D’Oliveira, who lives at Santa Rosa, Moruca at the moment, says he does general diving, whether in mining or salvaging. He said that many persons feel excited with the adrenaline diving brings, especially those in the mining sector. But he cautioned that a prospective diver should never go under water if his/her heart isn’t into it.
He said that diving requires one’s full attention. “Your focus, your undivided attention, and always remember you are alone,” he noted. He explained that while on land one can ask all for all the advice necessary for a normal job but while under water, one’s survival depends on experience and instincts.
More importantly, one’s chances of survival also lays in the hands of the person above who is required to pay apt attention for signals from the diver. That person can be a sailor or the diver who will take over from the person under water.”So always be 100% focus on your job and protect yourself to the best of your ability and past experiences because in my view, although I love it, diving is one of the most dangerous work from it’s beginning,” he said
According to D’Oliveira, very few things have changed since he started diving in terms of safety since the latter is always a priority.
As regards his experience, D’Oliveira , who was born and raised at Malali on the Upper Demerara River, has dived extensively in Guyana’s rivers and tributaries, almost in every region where mining is being done except the Berbice River area and its tributaries. He has also dived abroad, in Suriname to a lesser, over a three year period. He said he enjoys diving in the neighbouring country since the salary is much better and also there is access to telephone in the most remote areas there. To this end, he said having contact with one’s family is always a priority .
Asked what time period was the longest he spent under water, D’Oliveira said he spent 7 continues hours below the water which he noted was a challenge he enjoyed. He also recalled an incident in which he was covered down by mud.
He said that there are many divers who dived for longer periods but “my 7 hours was done in an area where 3 and 4 hours was a long dive.” This was in the Region Seven area some years ago.
As he recalled the experience, he said the General Manager approached him and asked that he accompany another diver since another person who was expected to dive that day was unwell.
He said he was off-duty at the time but he agreed. ”When I went on the pontoon the diver was under water so I asked how long he was under and they said he was there since 8 am.”That was some 6 to 7 hours prior. D’Oliveira said he then suit up and went under water.
“I took over from him and worked my heart out, knowing I would have spent much longer than the normal time which was between 3-4 hours, so I checked my time,” he said. He then spent the entire 7 hour period working under water.
He also recalled once when tragedy struck as the earth caved in on him while working in the Demerara River.“I was covered down under land while diving and was rescued in in unconscious state, bled through my nose, mouth and eyes.

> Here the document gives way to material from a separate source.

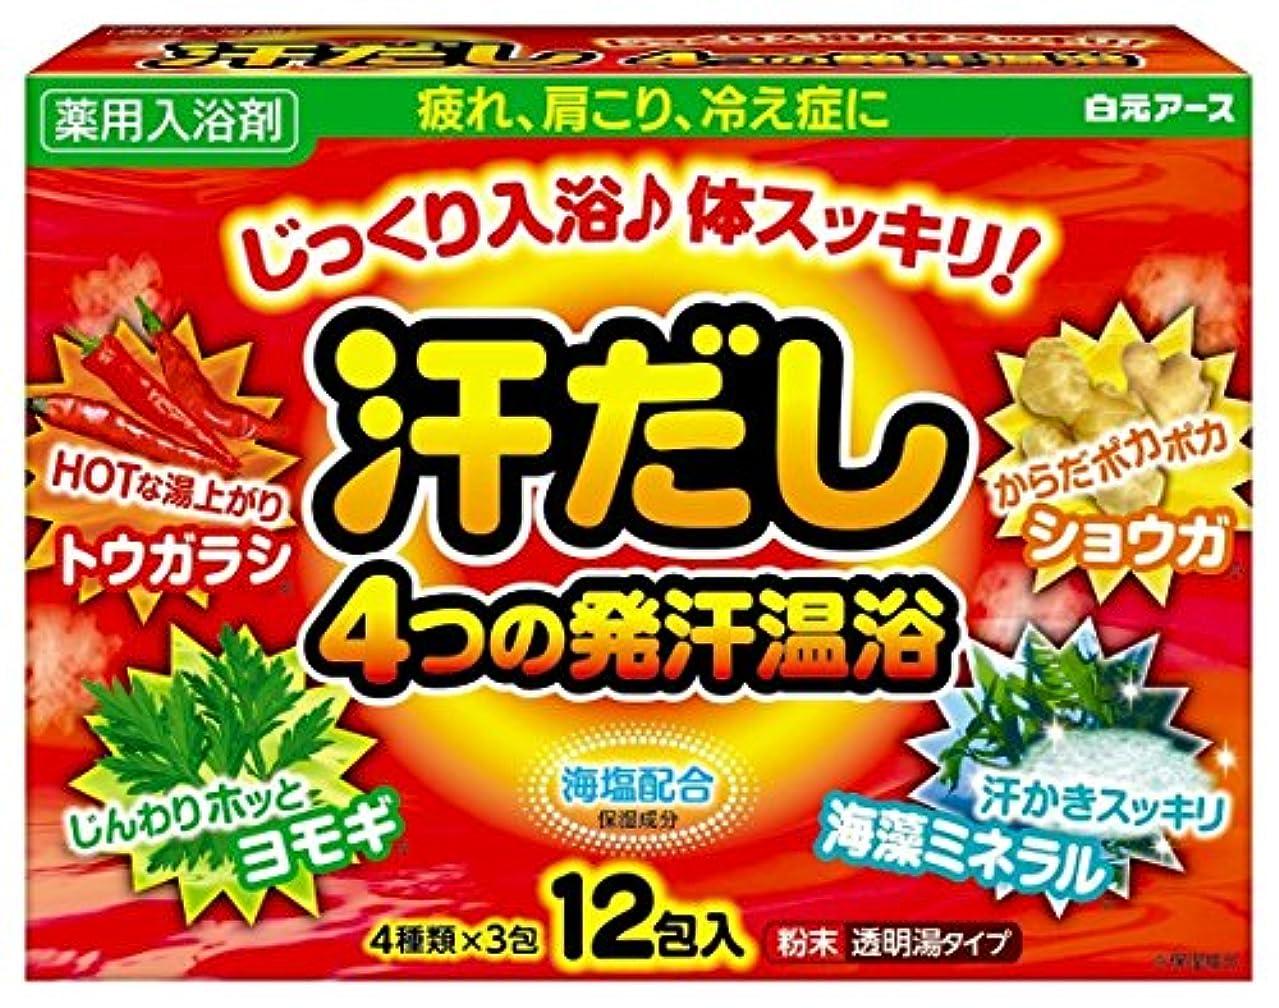 性的組柔らかい薬用入浴剤 汗だし4つの発汗温浴 4種類×3包入

But I prefer not to go into these details because they brings back much painful memories which I prefer not to go into,” he added.
In terms if payment, D’Oliveira said a diver in the mining sector works for a percentage on the production. In Guyana it’s 70/30 or the best 65/30 while in Suriname , it is 60/40..the smaller percentage being for the divers. If the team if divers is small, better payment goes to the diver. “So less the divers more the pay,” he said with a chuckle.
As for those who may plan to be divers, his advice to them to is to follow their hearts. “I may not be the best but I am way above average and can compete with the best and I am therefore better than many of the rest,” he said. “If your heart is not into it don’t do it. This is a personal decision,” he added.He said on land you can ask for advice but when under water you are alone.